Retype the lines below exactly, but only those from the line that has "Chuyện Khu điều" through the line that has "جدول مواعيد البرامج". Omit every picture.

(INPUT FOR THIS TASK begins)

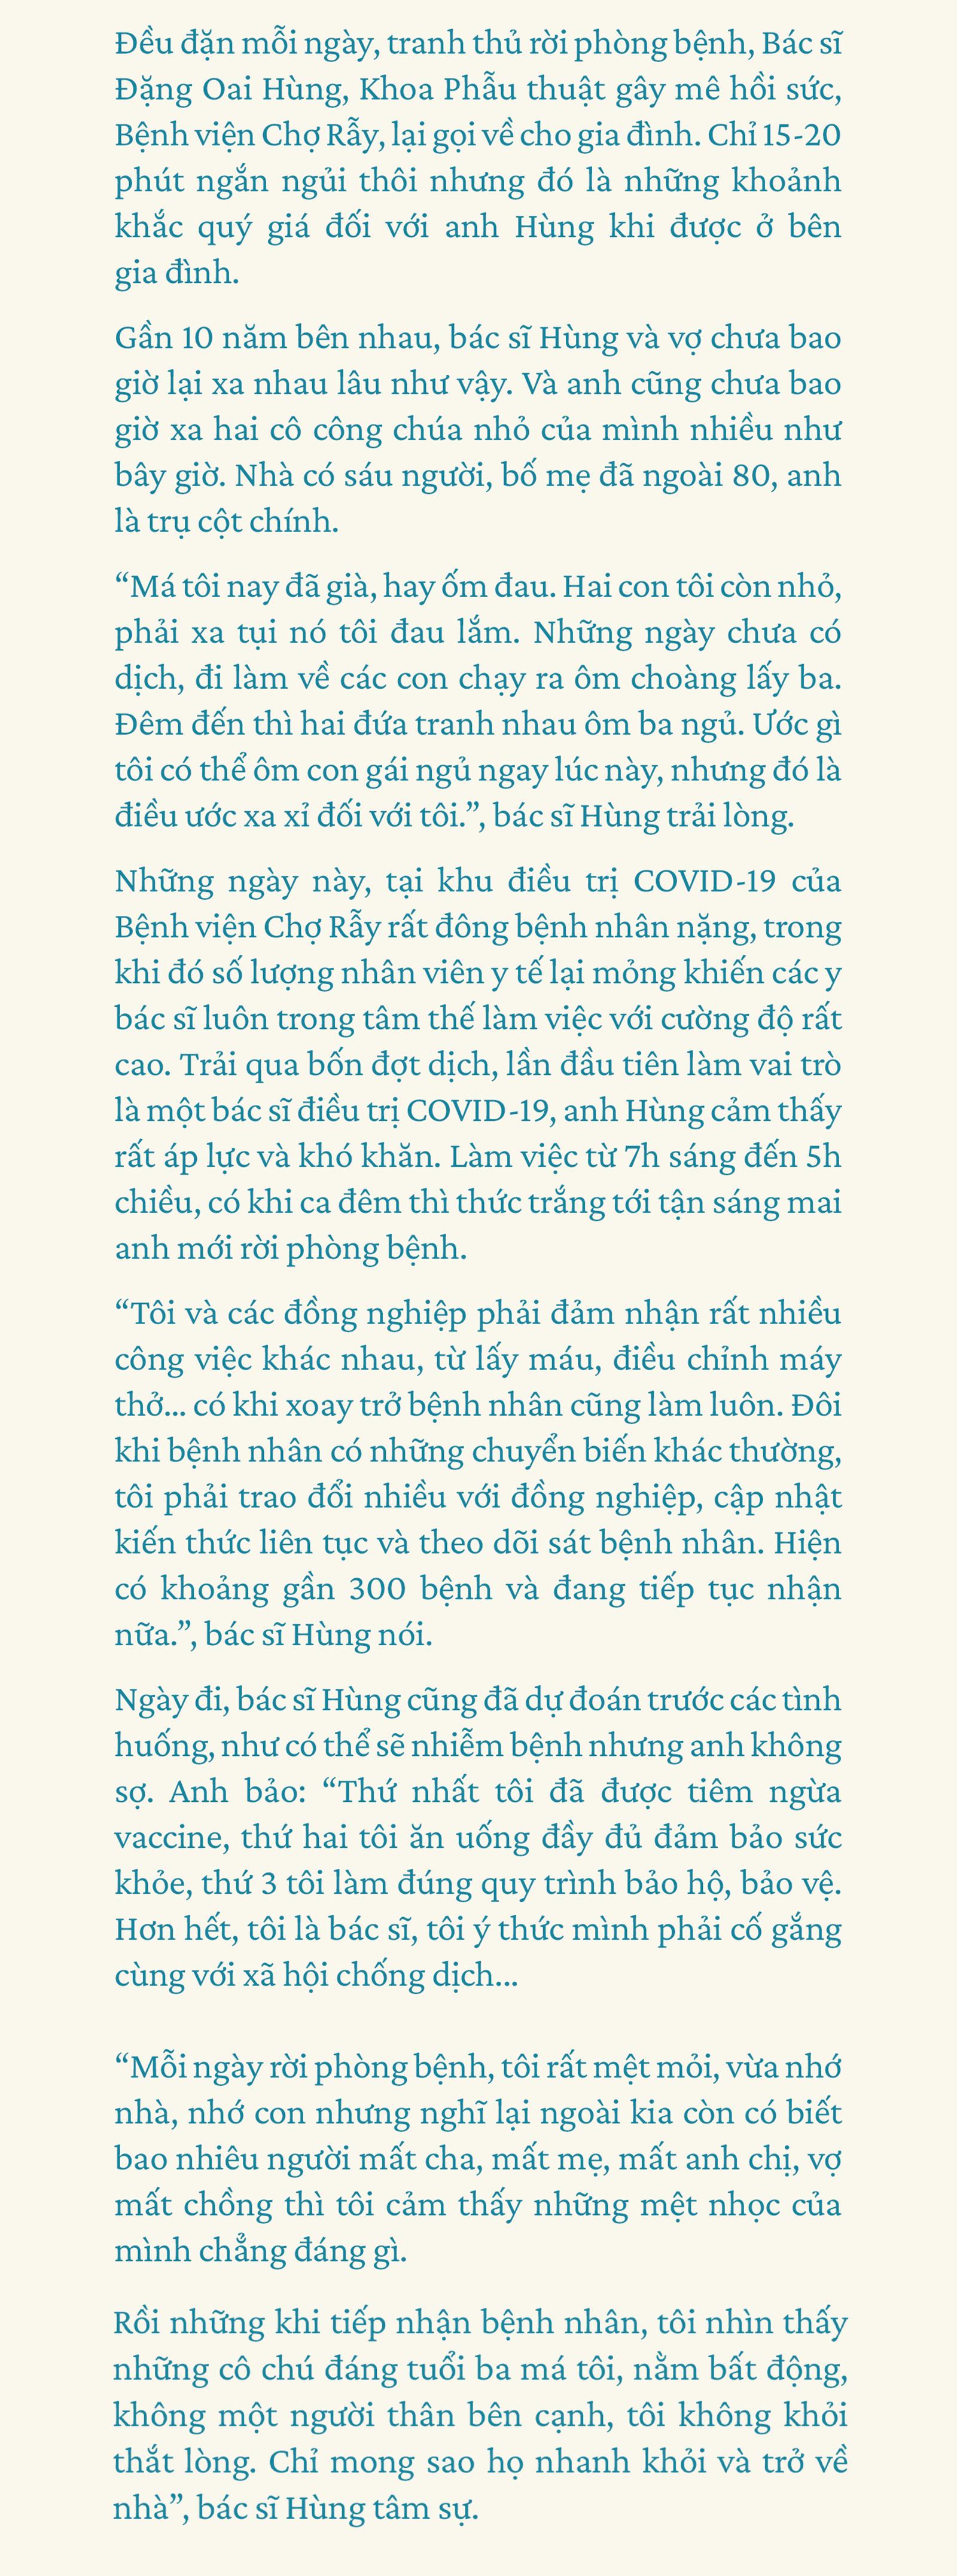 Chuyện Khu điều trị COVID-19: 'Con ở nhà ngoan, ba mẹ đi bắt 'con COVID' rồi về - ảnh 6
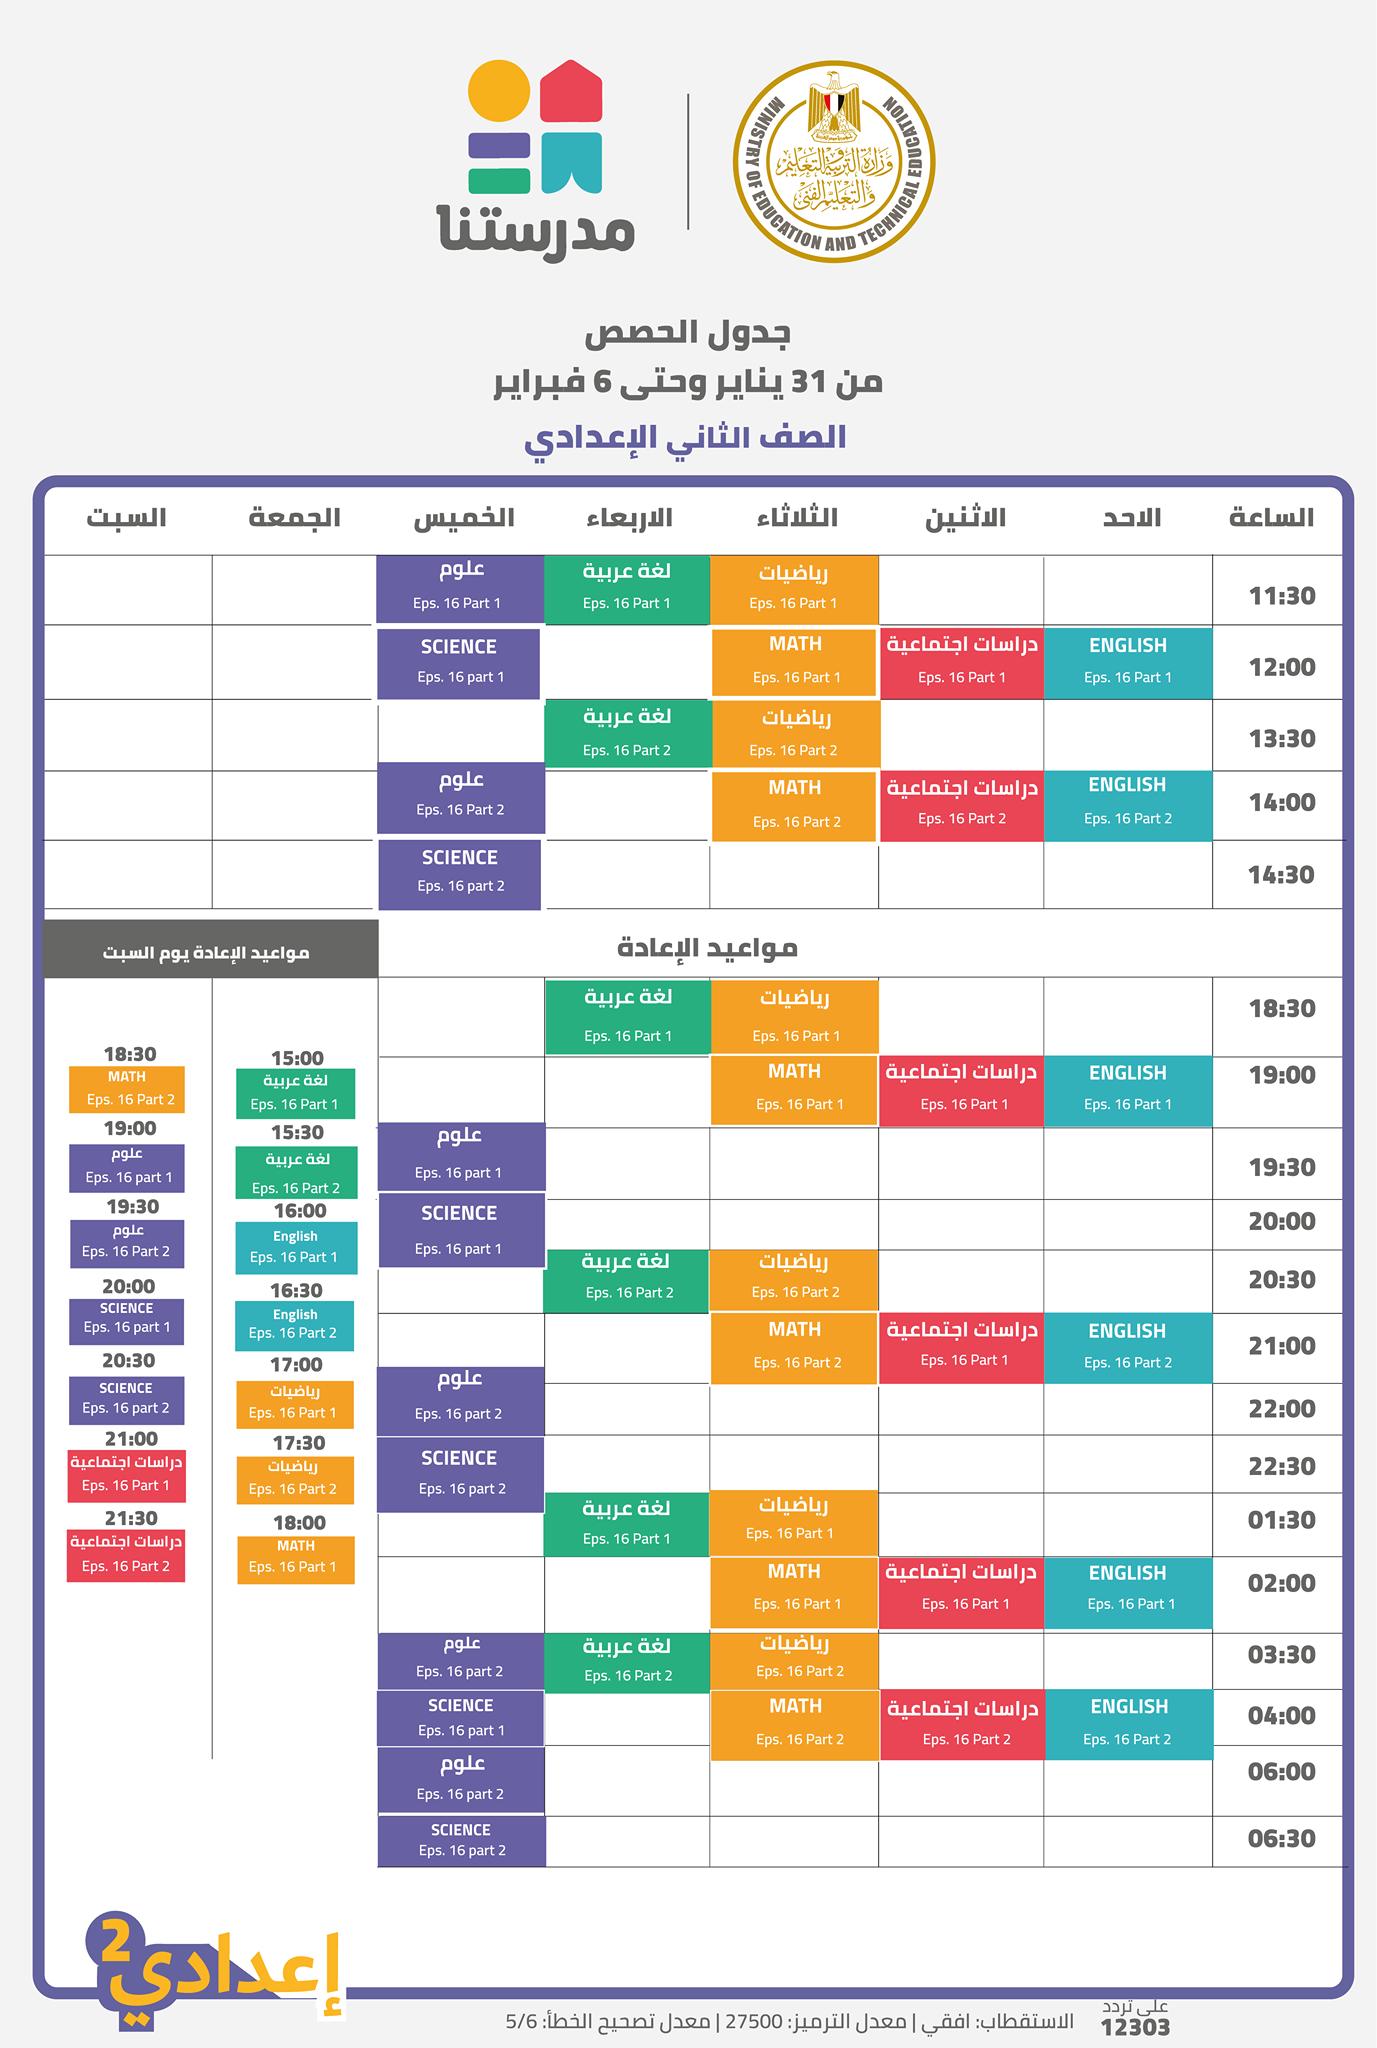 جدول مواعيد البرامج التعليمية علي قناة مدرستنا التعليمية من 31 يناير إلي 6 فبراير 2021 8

(INPUT FOR THIS TASK ends)
(INPUT FOR THIS TASK begins)

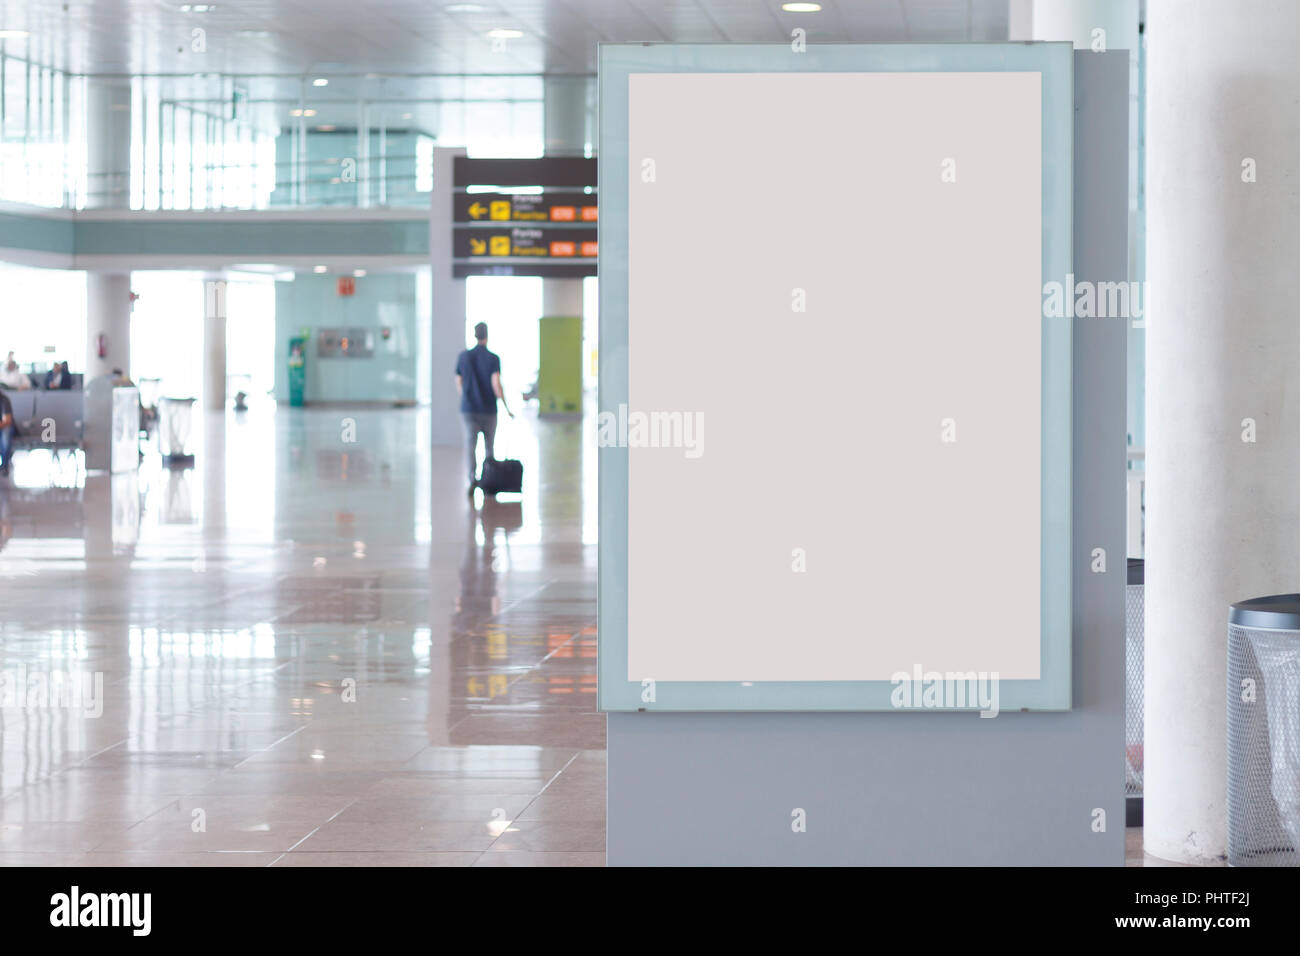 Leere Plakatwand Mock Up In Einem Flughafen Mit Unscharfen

(INPUT FOR THIS TASK ends)

**EXERCISE SOLUTION:**
 Chuyện Khu điều trị COVID-19: 'Con ở nhà ngoan, ba mẹ đi bắt 'con COVID' rồi về - ảnh 6
 جدول مواعيد البرامج التعليمية علي قناة مدرستنا التعليمية من 31 يناير إلي 6 فبراير 2021 8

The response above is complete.